The late-stage 697-patient trial was testing the use of Bavencio in combination with chemoradiotherapy (CRT) against standard-of-care CRT in patients with untreated, locally-advanced squamous cell carcinoma of the head and neck.
But the drug’s makers Germany’s Merck KGaA and Pfizer accepted the recommendation of an independent data monitoring committee to cease the trial, on the basis that the PD-L1 inhibitor was not likely to induce a statistically significant improvement on the main goal of progression-free survival.
Detailed data are still to come.
Bavencio was late to the checkpoint inhibitor game.
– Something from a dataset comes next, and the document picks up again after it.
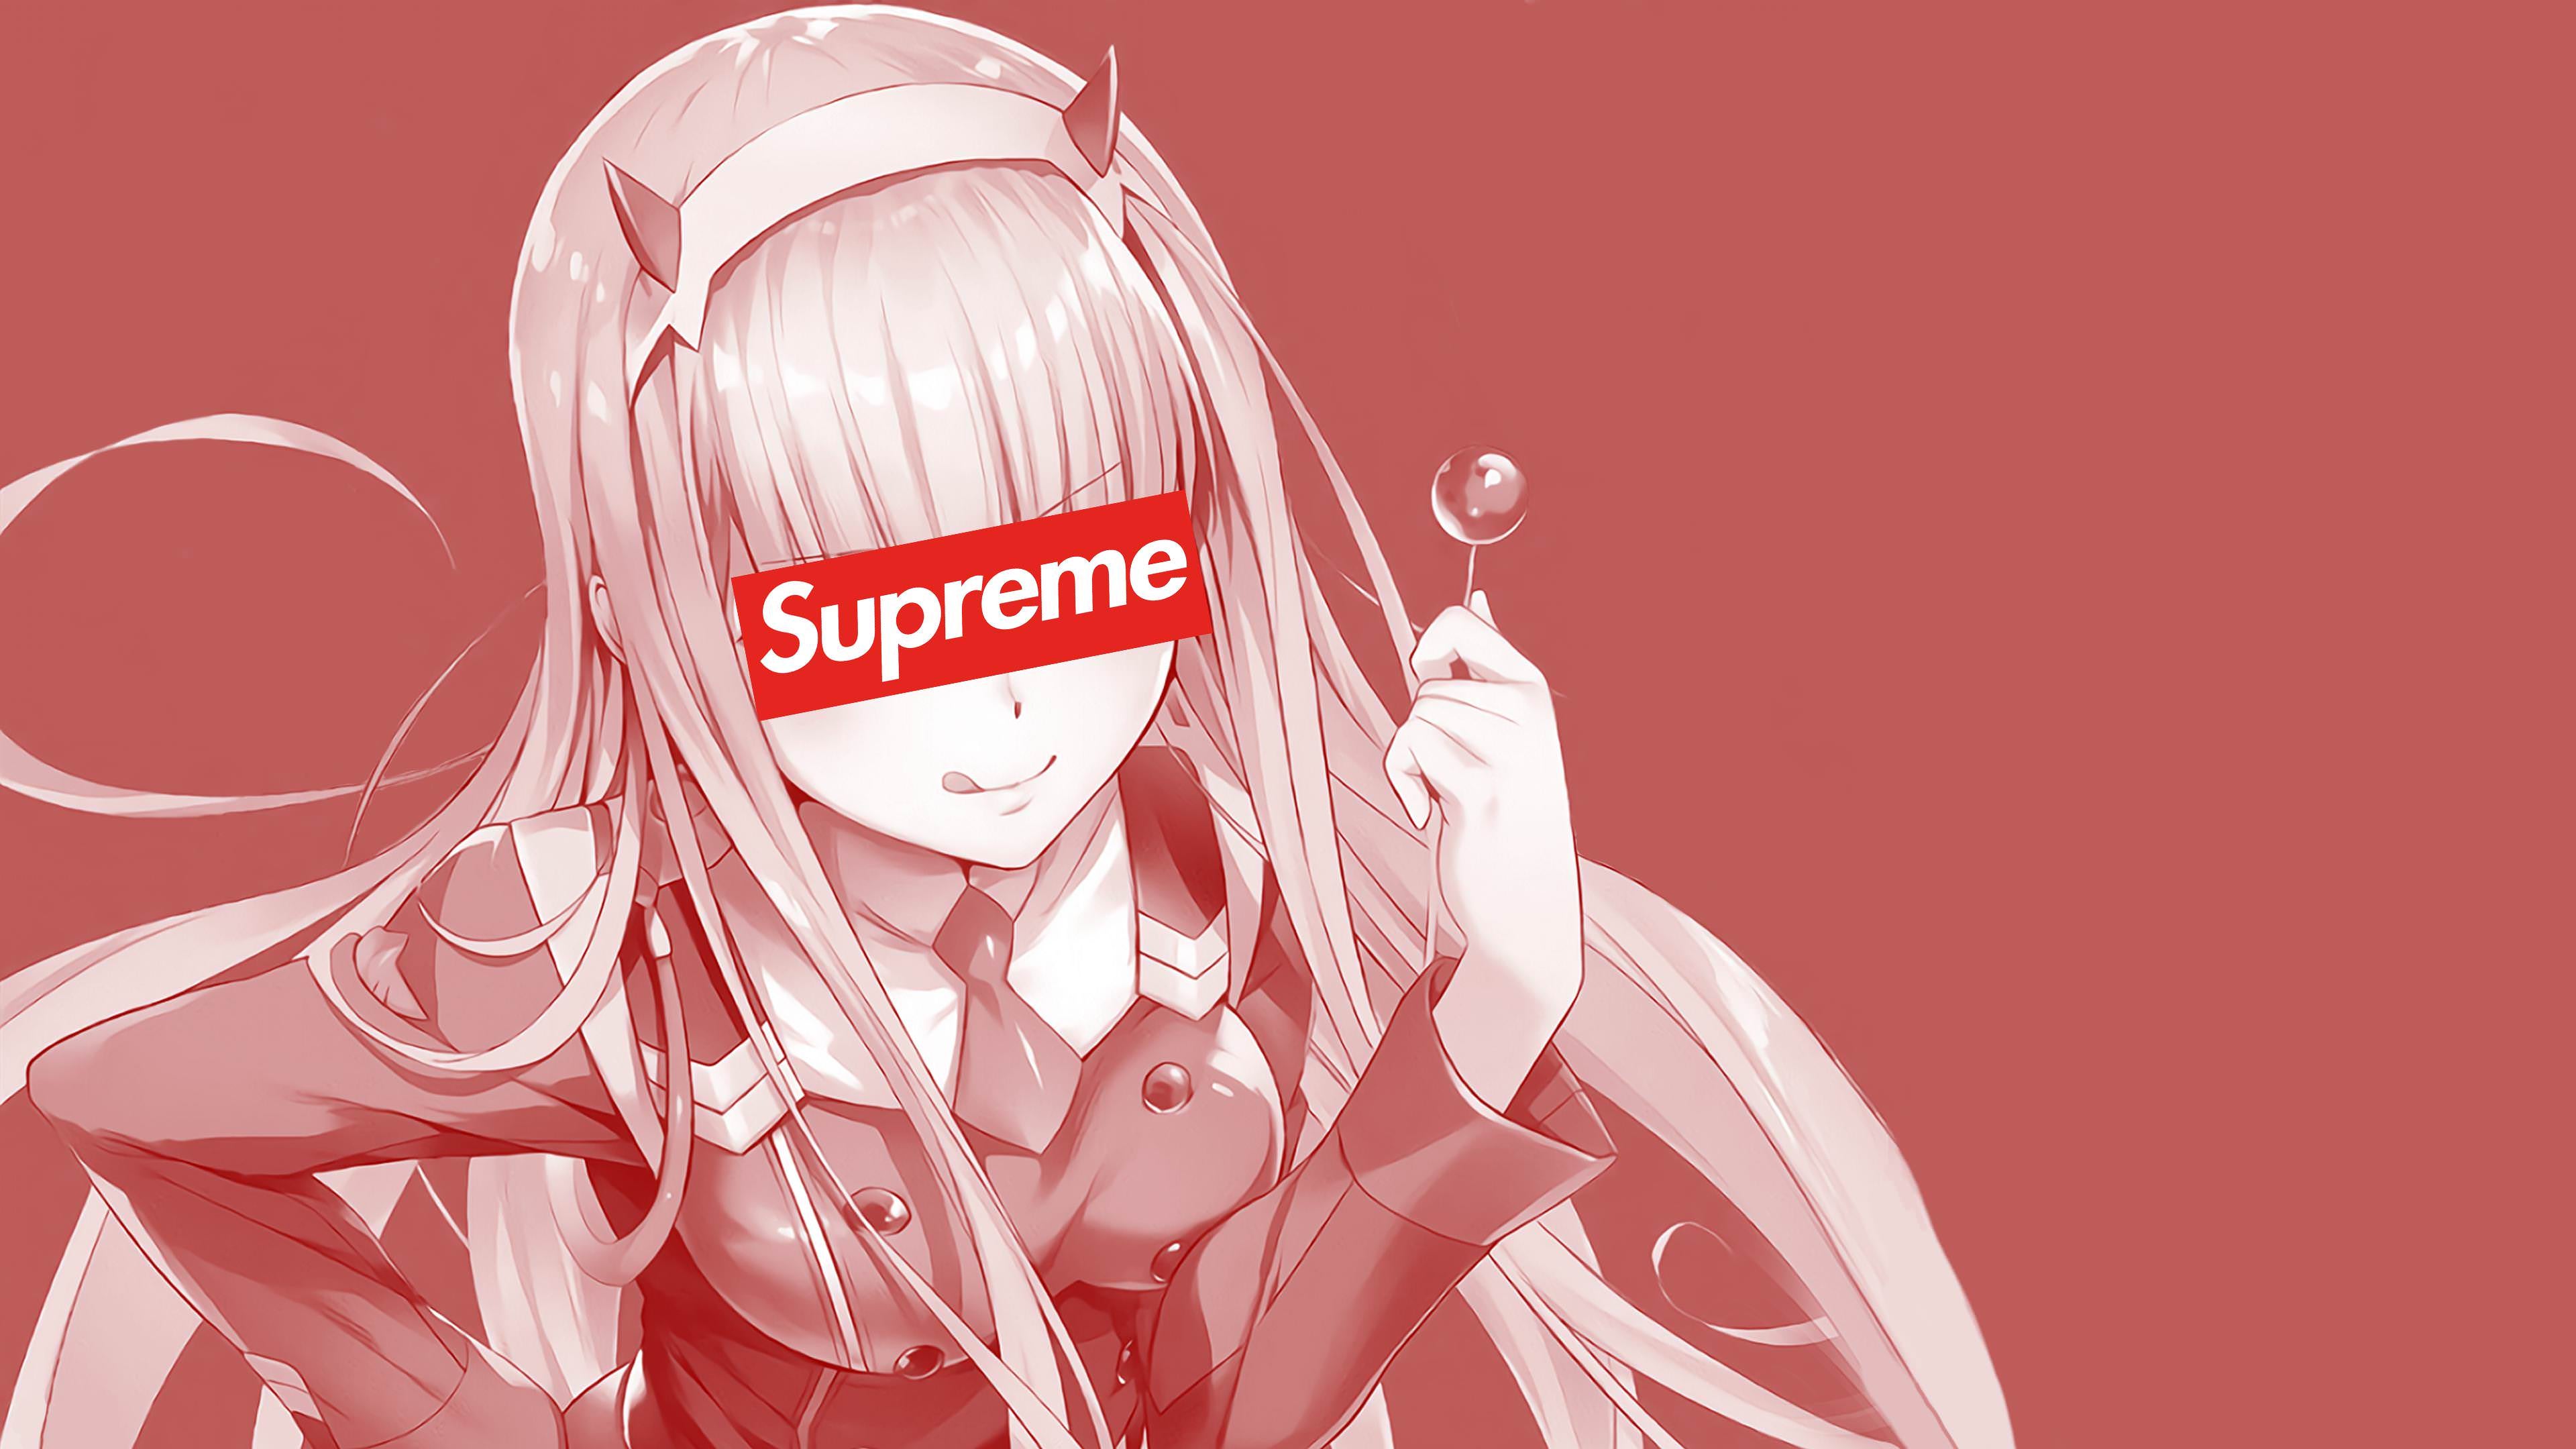 10 Supreme Brand HD Wallpapers and Backgrounds

Merck’s market-leading Keytruda and Bristol-Myers’ pioneering Opdivo were the first two PD-1/L1 drugs to make the cut, and have since scored various approvals across immuno-oncology and now reap in billions in sales. Regeneron, Roche and China-based drug developers also have their own checkpoints — PARP inhibitors are also in the mix.
Last September, Cowen analysts shaved their 2024 projections for Bavencio by $170 million to $480 million, citing flat growth and relatively few catalysts ahead. In comparison, Opdivo is expected to generate a meaty $12.4 billion that year, and king Keytruda a hefty $20.6 billion, the analysts estimated.
Bavencio, for which Pfizer paid $850 million upfront in 2014 to partner with Merck KGaA, has had some serious setbacks in its quest to make a mark. The partners were forced to admit defeat in ovarian cancer in March last year after three straight trial failures. Months later in November, the drug also fizzled as a first-line maintenance therapy for gastric cancer patients, years after faltering in a gastric cancer study to improve overall survival. In 2018, Bavencio also botched a key study in the lucrative field of lung cancer.
The drug was granted accelerated approval on the basis of tumor response and duration of response in May 2017 in patients with locally advanced or metastatic urothelial carcinoma (UC) whose disease has progressed during or after platinum-containing chemotherapy. In January, the companies said that data from the confirmatory JAVELIN Bladder 100 trial showed patients treated with Bavencio lived significantly longer than those who received standard care.
The companies have also had some success in kidney cancer. Bavencio was granted approval in May 2019 in combination with Pfizer’s tyrosine kinase inhibitor Inlyta for use as a frontline therapy for renal cell carcinoma, after late-stage data showed the combination demonstrated a significant progression-free survival benefit. It is also approved for use in Merkel cell carcinoma.